# 7DII HDMI output.



## Valvebounce (Jul 27, 2017)

Hi Folks. 
I have a quick (hopefully) question about the 7DII HDMI output is it suitable for recording? 
A bit of the back story, I have been asked to take some photos and maybe some video, the question arose as to whether the camera HDMI output feed was recordable quality, it all started as some photo's then they found that I had the 7DII and asked if I could do some video, I have warned that I am not a videographer, but they said no worries it was just an idea they wanted to work with, haha, I think this may be rapidly spiralling out of control! :
If anyone can answer the HDMI question I'd appreciate it, thanks in advance for any help, oh, by the way this all starts tomorrow 10am it is now 10pm. 
Thanks in advance for any help. 

Cheers, Graham.


----------



## Yiannis A - Greece (Jul 28, 2017)

Dear Graham,
i used to own the camera about 2 1/2 years ago (i bought it the 1st day it was available in Athens shops and almost immediately regretted doing so, because i got three "lemons" in a row; the known problem with the AF was existent in the first one and also in both the replacement copies i was given) and still have the pdf version of its manual after getting rid of the particular cameras. The answer to your question is "YES"; 7D mark II can send 1080p signal to a recorder (like Atomos etc) connected to the HDMI output.
Just have a decent mic connected to it because, as usual, the internal ones suck compared to a good quality external one!
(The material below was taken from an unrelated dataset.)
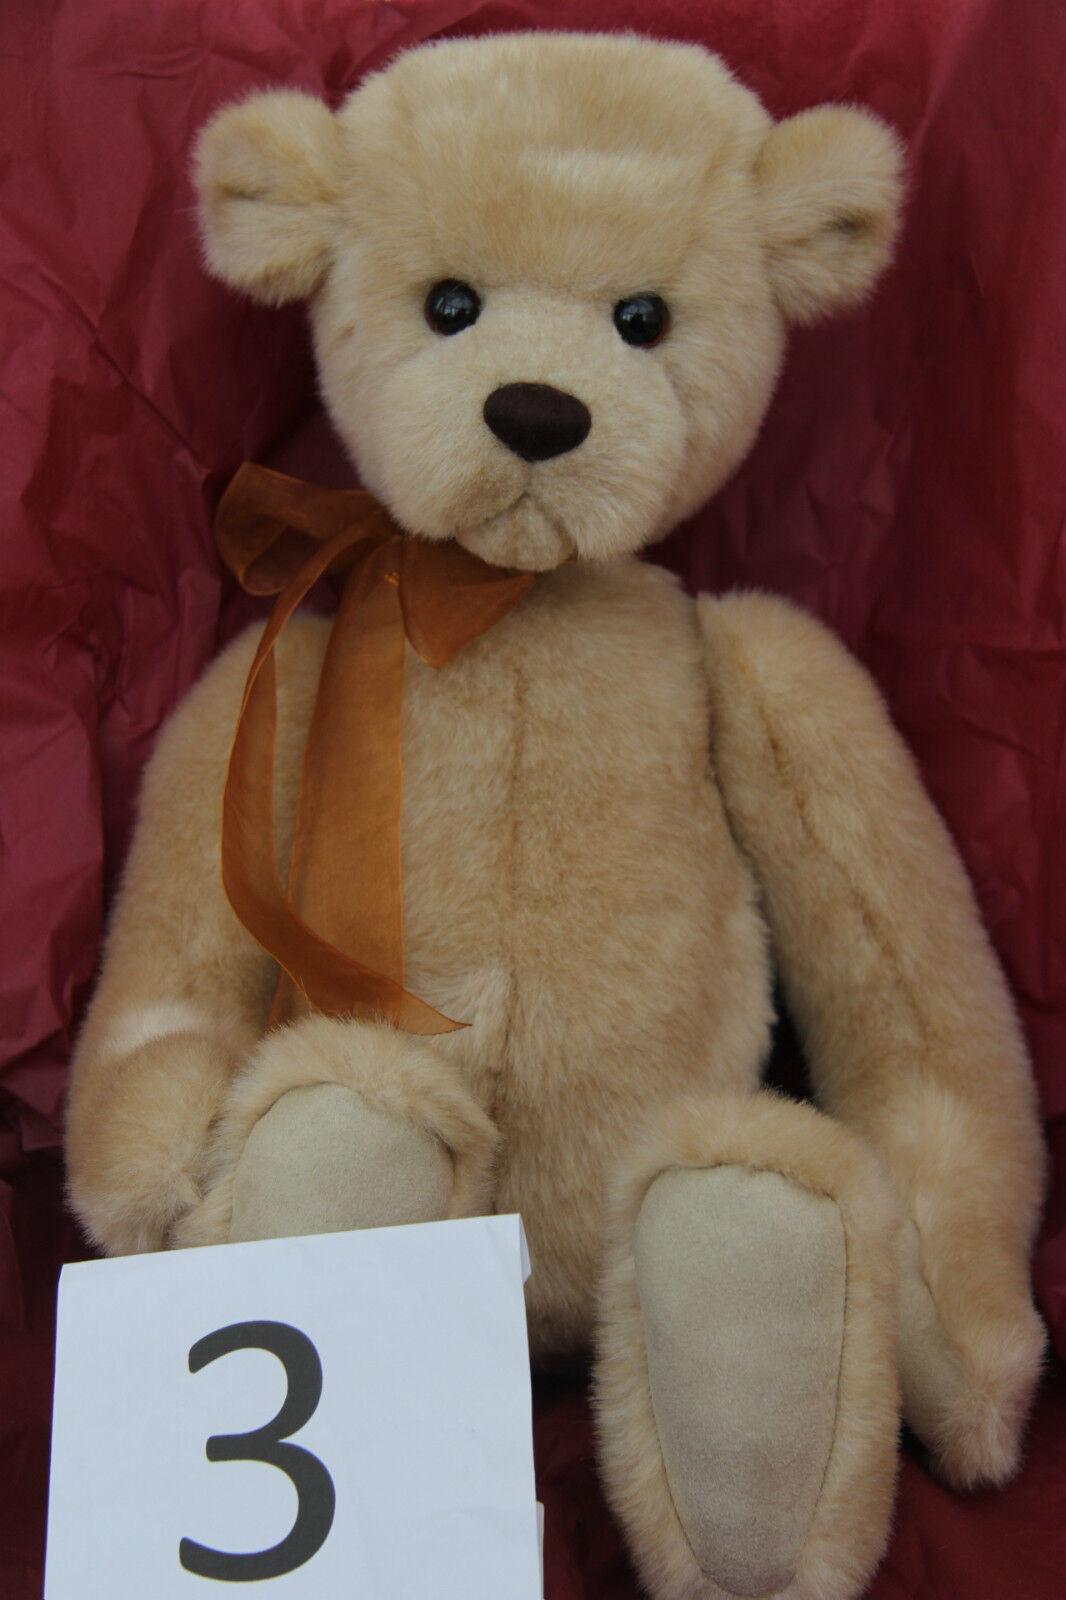 Charlie bears Teddybär Remember Klassisches Plüsch Teddybär bears - NEU mit Etikett 611eee

Hope i helped you, have the best of times shooting with your camera.

Best wishes
Yiannis A, Athens, Greece.


----------



## Valvebounce (Aug 1, 2017)

Hi Yiannis. 
My apologies, I wrote a reply to you on the 29th, but I guess I was so tired I didn't send it or closed the page too soon before it finished uploading. 
Thank you for your reply, it will be helpful, and I do have a decent(ish) mic, a Rode Stereo Video mic. So far I have only taken some stills of a fairly boring installation process in a prestigious location and I am not at liberty to share the shots, I have some more opportunities to get shots and I will try to grab a couple from a public location which I can share in case anyone is interested. 
Again my apologies, I appreciate the help people like you provide and I felt terrible that it appeared I had not the manners to thank you. 

Cheers, Graham. 



Yiannis A - Greece said:


> Dear Graham,
> i used to own the camera about 2 1/2 years ago (i bought it the 1st day it was available in Athens shops and almost immediately regretted doing so, because i got three "lemons" in a row; the known problem with the AF was existent in the first one and also in both the replacement copies i was given) and still have the pdf version of its manual after getting rid of the particular cameras. The answer to your question is "YES"; 7D mark II can send 1080p signal to a recorder (like Atomos etc) connected to the HDMI output.
> Just have a decent mic connected to it because, as usual, the internal ones suck compared to a good quality external one!
> 
> ...


----------